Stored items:
——
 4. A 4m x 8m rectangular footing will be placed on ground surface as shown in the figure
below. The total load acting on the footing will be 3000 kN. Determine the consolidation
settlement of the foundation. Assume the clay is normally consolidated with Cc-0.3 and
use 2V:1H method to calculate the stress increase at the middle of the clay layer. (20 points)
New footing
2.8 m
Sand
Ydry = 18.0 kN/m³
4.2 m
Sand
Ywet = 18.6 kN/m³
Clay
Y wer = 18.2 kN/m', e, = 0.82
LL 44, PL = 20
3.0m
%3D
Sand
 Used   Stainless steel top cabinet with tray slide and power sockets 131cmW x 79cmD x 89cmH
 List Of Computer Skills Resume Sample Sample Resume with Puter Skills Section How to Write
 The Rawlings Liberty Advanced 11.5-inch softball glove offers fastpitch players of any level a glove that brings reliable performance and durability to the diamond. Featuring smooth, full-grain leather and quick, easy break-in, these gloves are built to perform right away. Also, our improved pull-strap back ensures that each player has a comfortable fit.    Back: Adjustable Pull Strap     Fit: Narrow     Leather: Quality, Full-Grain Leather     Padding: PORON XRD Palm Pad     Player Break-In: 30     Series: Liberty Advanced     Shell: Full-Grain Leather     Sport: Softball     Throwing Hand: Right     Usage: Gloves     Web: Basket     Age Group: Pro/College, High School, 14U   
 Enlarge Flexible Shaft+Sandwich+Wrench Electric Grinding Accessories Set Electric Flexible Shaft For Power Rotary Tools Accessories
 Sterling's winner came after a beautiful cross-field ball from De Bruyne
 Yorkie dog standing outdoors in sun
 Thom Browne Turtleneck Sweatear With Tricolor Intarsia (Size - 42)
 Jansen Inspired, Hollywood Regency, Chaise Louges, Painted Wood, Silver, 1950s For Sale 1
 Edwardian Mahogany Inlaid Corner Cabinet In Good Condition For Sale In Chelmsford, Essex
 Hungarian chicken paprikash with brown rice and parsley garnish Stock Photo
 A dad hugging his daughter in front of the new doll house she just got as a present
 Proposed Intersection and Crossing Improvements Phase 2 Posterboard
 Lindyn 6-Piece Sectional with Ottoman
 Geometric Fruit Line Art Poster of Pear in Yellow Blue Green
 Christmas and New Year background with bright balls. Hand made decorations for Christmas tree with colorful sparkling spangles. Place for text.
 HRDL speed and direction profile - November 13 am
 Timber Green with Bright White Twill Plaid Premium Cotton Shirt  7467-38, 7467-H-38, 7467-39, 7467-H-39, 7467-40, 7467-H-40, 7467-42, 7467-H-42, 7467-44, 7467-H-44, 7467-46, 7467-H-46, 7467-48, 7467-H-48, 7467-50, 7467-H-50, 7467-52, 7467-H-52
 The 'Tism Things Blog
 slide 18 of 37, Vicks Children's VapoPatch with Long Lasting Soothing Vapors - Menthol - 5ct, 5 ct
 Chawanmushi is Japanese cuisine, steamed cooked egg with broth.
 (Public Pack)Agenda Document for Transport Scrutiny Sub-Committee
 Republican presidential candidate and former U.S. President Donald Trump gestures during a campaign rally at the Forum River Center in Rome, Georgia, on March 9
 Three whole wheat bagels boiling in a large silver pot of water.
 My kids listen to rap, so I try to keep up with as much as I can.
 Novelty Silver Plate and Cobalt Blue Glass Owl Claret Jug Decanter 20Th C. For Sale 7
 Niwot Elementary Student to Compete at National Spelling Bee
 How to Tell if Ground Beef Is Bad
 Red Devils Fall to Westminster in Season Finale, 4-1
——
_REQUIREMENT_: Report each line of the data in which "footing" occurs.

_REPLY_:
 4. A 4m x 8m rectangular footing will be placed on ground surface as shown in the figure
below. The total load acting on the footing will be 3000 kN. Determine the consolidation
New footing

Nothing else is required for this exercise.